Menurut pendapat sebagian ulama bahwa Taqlid berhukum haram karena taqlid dilakukan jika yang diikuti adalah orang-orang yang menyesatkan, sebagaimana orang-orang jahiliah yang memegang pendapat dan perilaku dari seorang nenek moyang, kalau di kaji ulang kembali nenek moyang mereka adalah orang-orang tidak mengetahui dan bahkan mereka juga tidak memperoleh petunjuk dari siapapun.
Surat Al Baqarah Ayat 170 yang sudah dijelaskan di atas jika dapatdikaji ulang dan difahami dengan Mafhum mukhalafah dapat dikeluarkan kandungan di dalam hukumnya, dan bahwa bertaqlid kepada orang-orang yang telah memiliki pengetahuan yang sangat luas dan telah mendapat petunjuk itu sangat diperbolehkan, karena orangyang alim jika ditaqlidi, maka tidak akan membawa pada kesesatan.[2]
Untuk menentukan hukum dari bertaklid tidak dapat diambil secara sepihak saja, harus bisa melihat dari berbagai sisi dan segi:
a.       Sebagian Ulama melakukan Taklid oleh mujtahid kepada mujtahid lain ada beberapa pendapat diantaranya: kebanyakan Ulama mengatakan bahwa haram seorang mujtahid melakukan taklid tersebut secara mutlak  karena semua itu hanya mampu melakukan ijtihad dengan sendirinya. Ulama Ahmad bin Hanbal, Abu Ishaqk bin Al Rahawaih dan juga Sofyan al-Tsauri menyebutkan bahwa boleh nya mujtahid melakukan taklid kepada mujtahid lain secara mutlak. Imam Syafi’i di dalam qaul qadimnya bertaqlid terhadap mujtahid lain yang terdapat di dalam level termasuk sahabat nabi dan juga tidak boleh kepada mujtahid yang lain. Ibnu sureij boleh atau tidaknya mujtahid bertaklid bila seseorang tersebut sedang melaksanakan tugas sebagai qadhi.

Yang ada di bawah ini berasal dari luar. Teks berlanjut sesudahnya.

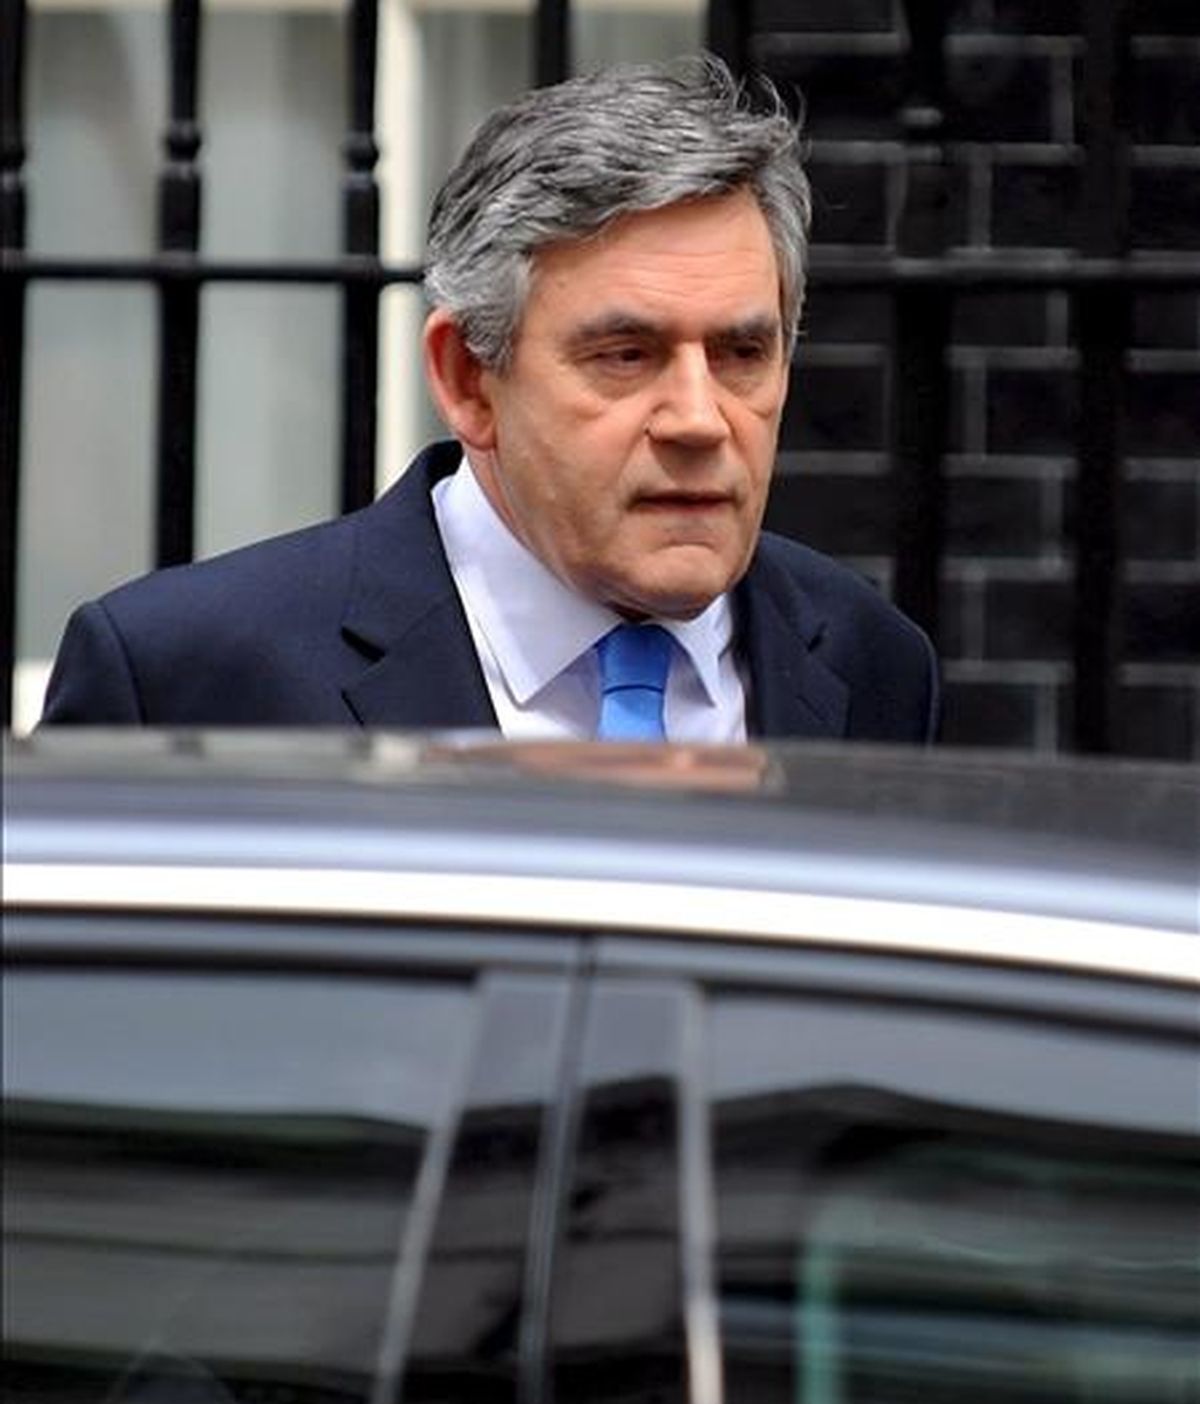 El primer ministro británico, Gordon Brown, sale de su vivienda en el número 10 de Downing Street para dirigirse al Parlamento británico, el pasado 21 de mayo. EFE/Archivo

b.      Hukum taqlid yang pernah dilakukan seseorang oleh al-muttabi’. Berikut pendapat yang dikemukakan oleh beberapa ulama bahwa tidak boleh seorang muttabi’ bertaklid kepada mujtahid yang beberapa seseorang tersebut mempunyai kemampuan mendapatkan hukum secara sendirinya belum mencapai kemampuan seorang mujtahid dan juga harus mempunyai beberapa syarat yang harus mengetahui kekuatan dalil yang telah digunakan oleh mujtahid yang dianutnya.[3]

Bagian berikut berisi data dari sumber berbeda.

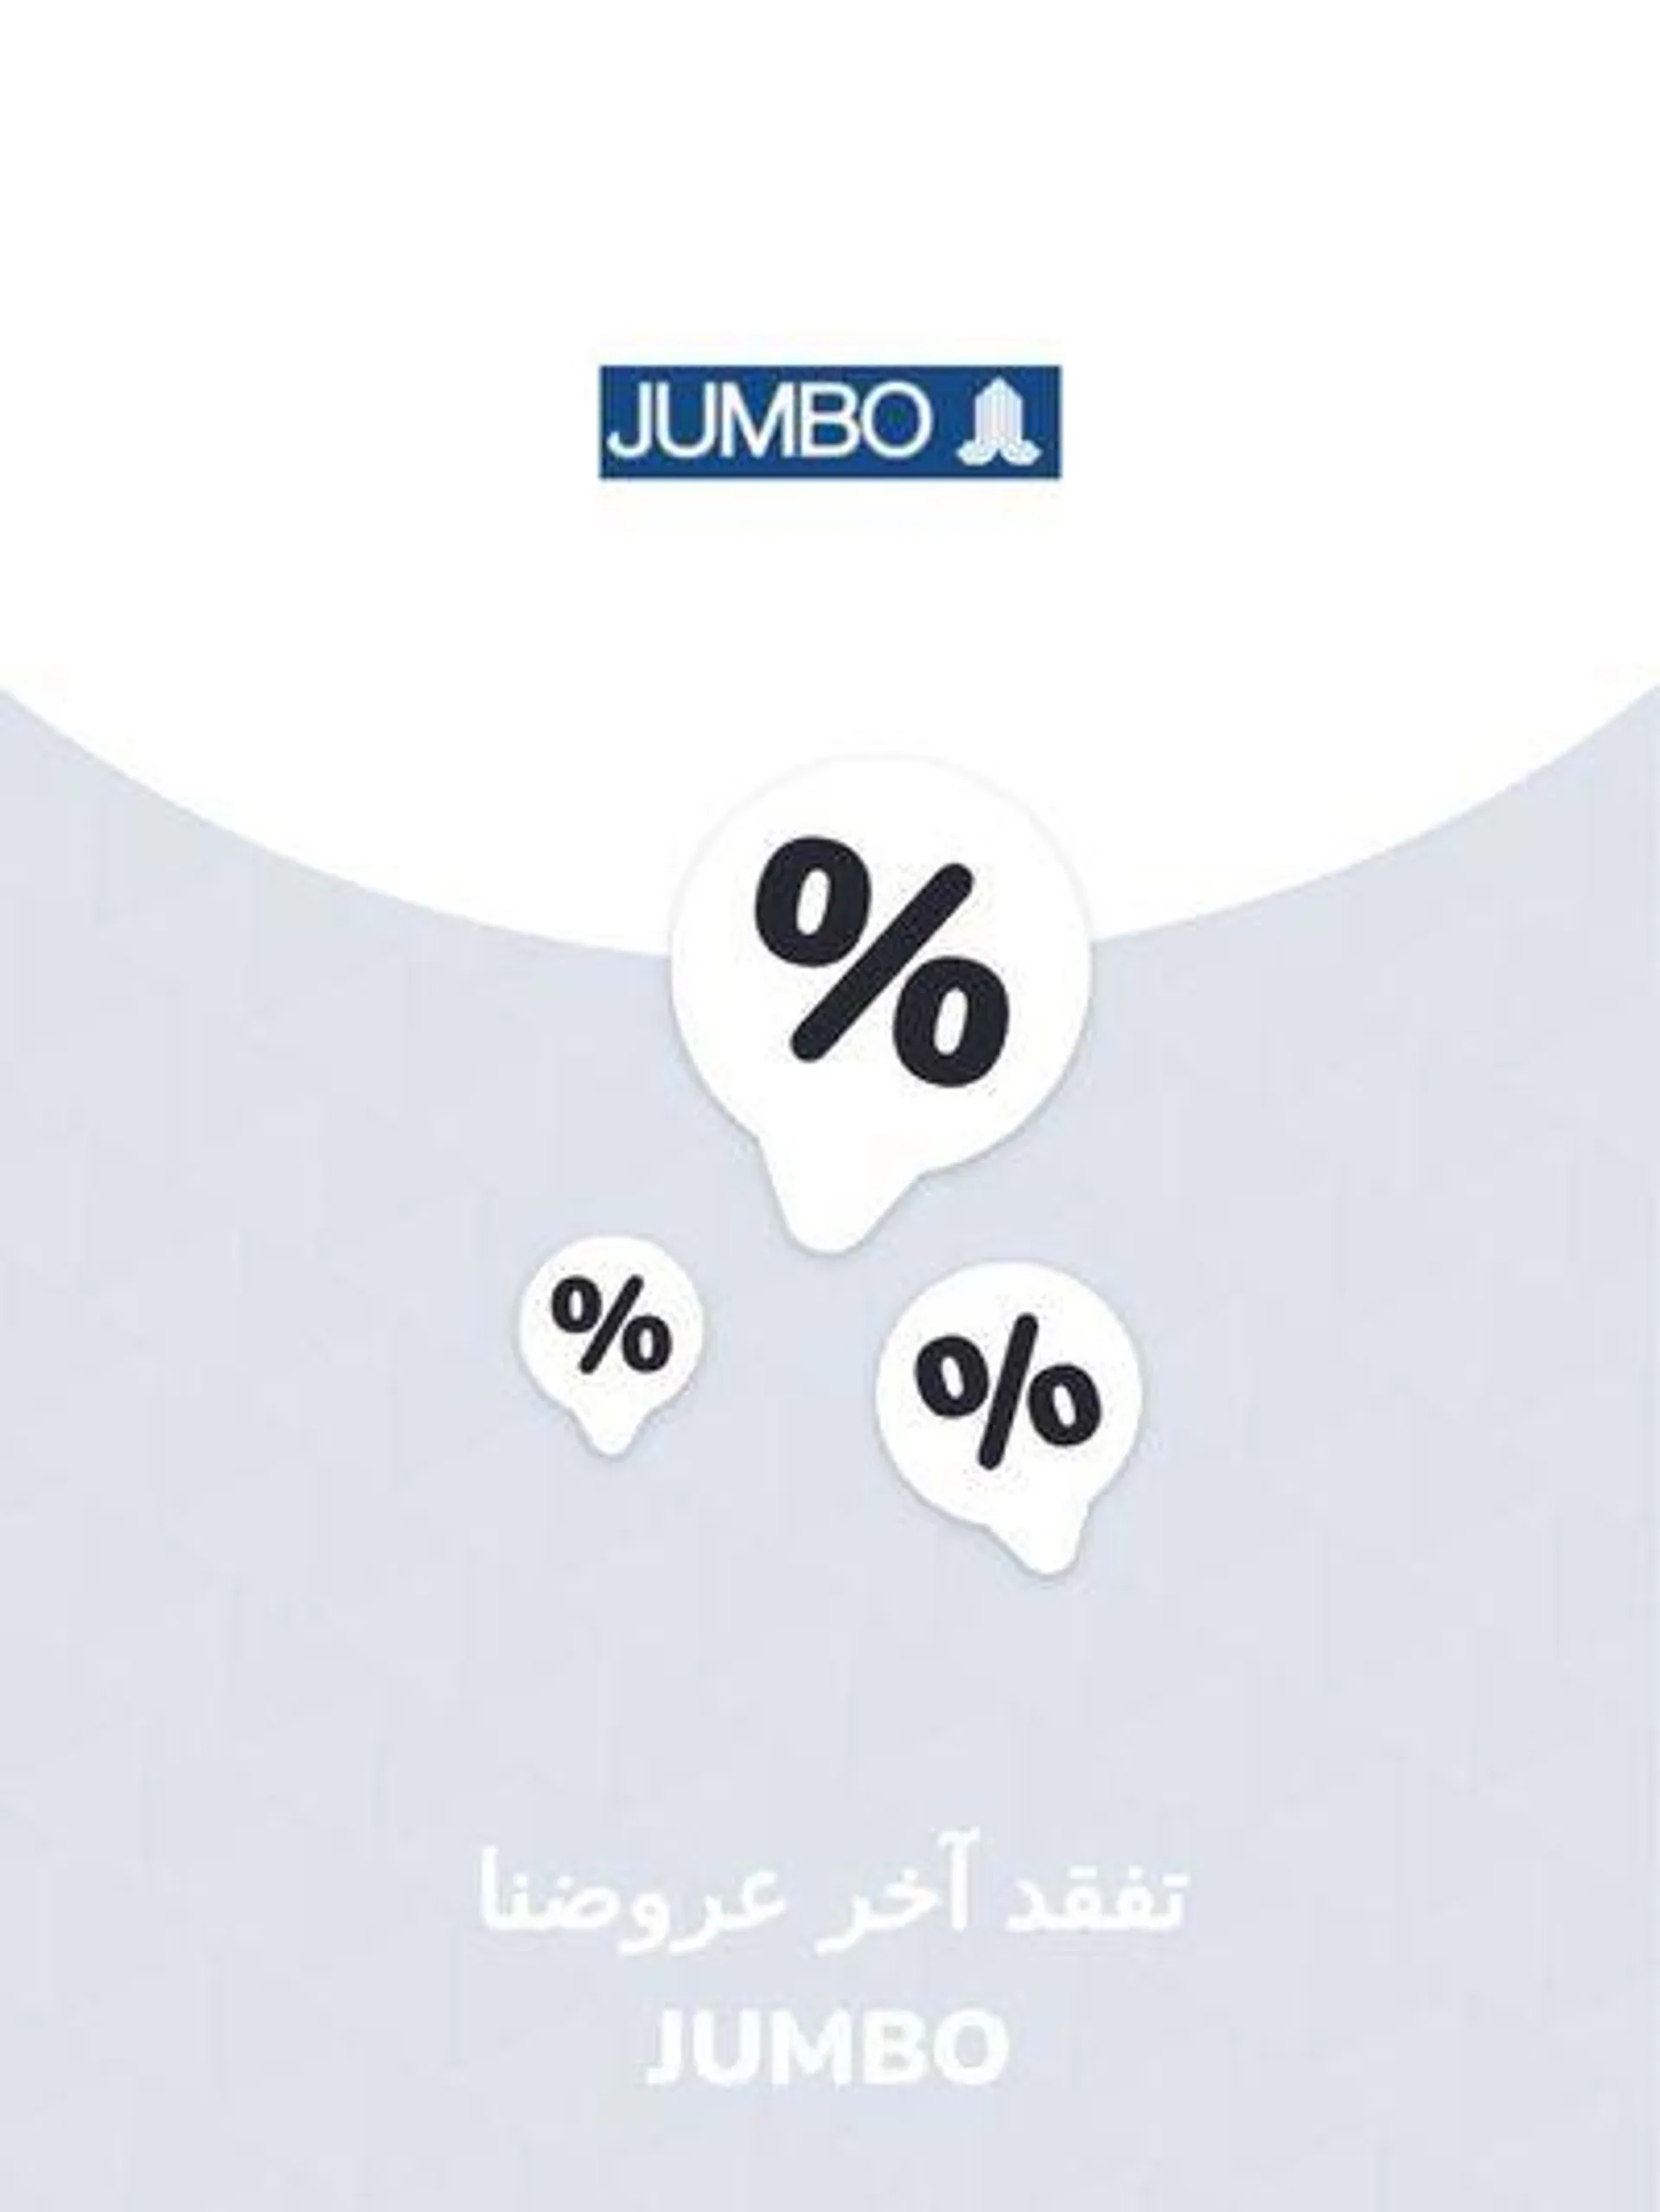 Offers Jumbo - 1

c.       Alasan-alasan diperbolehkannya Taqlid
Sebagian para ulama mengartikan tentang ilmu agama. Kemalasan dan ketidakmampuan untuk mencari ilmu agama maka taqlid nya adalah haram, lain lagi jika orang tersebut jauh dari peradaban dan tidak tersentuh oleh ulama maupun da’i-da’i, dan orang tersebut di dalam keadaan bodoh, maka orang tersebut diperbolehkan untuk bertaqlid kepada siapapun yang akan dipandang dan mengerti agama. Di dalam Al Qur’an sudah dijelaskan di dalam surat An Nahl ayat 43
وَمَا أَرْسَلْنَا مِنْ قَبْلِكَ إِلَّا رِجَالًا نُوحِي إِلَيْهِمْ ۚ فَاسْأَلُوا أَهْلَ الذِّكْرِ إِنْ كُنْتُمْ لَا تَعْلَمُونَ
Artinya: “dan kami tidak mengutus sebelum kamu, kecuali orang-orang lelaki yang kami beri wahyu kepada mereka, maka bertanyalah kepada orang yang mempunyai pengetahuan jika kamu tidak mengetahui.” Dan juga terdapat di surat Al-Isra’ ayat 36:
وَلَا تَقْفُ مَا لَيْسَ لَكَ بِهِ عِلْمٌ ۚ إِنَّ السَّمْعَ وَالْبَصَرَ وَالْفُؤَادَ كُلُّ أُولَٰئِكَ كَانَ عَنْهُ مَسْئُولًا

Artinya: “Dan janganlah kamu mengikuti apayang kamu tidak mempunyai pengetahuan tentangnya. Dan sesungguhnya panca indera sampai ke hati semuanya akan diminta pertanggung jawabannya.” Ayat tersebut melarang untuk taqlid dan juga memerintahkan manusia untuk bertanya, jangan berdiam diri jika tidak mengetahui tentang sesuatu. Dan demikian beberapa alasan untuk memerintahkan manusia untuk bertanya. Dan jangan berdiam diri jika tidak mengetahui ilmu tentang taqlid tersebut. Syarat-syarat taqlid dibagi menjadi dua, yaitu syarat terhadap soal-soal yang ditaqlidi. Dengan demikian, alasan orang boleh ditaqlidi yaitu:[4]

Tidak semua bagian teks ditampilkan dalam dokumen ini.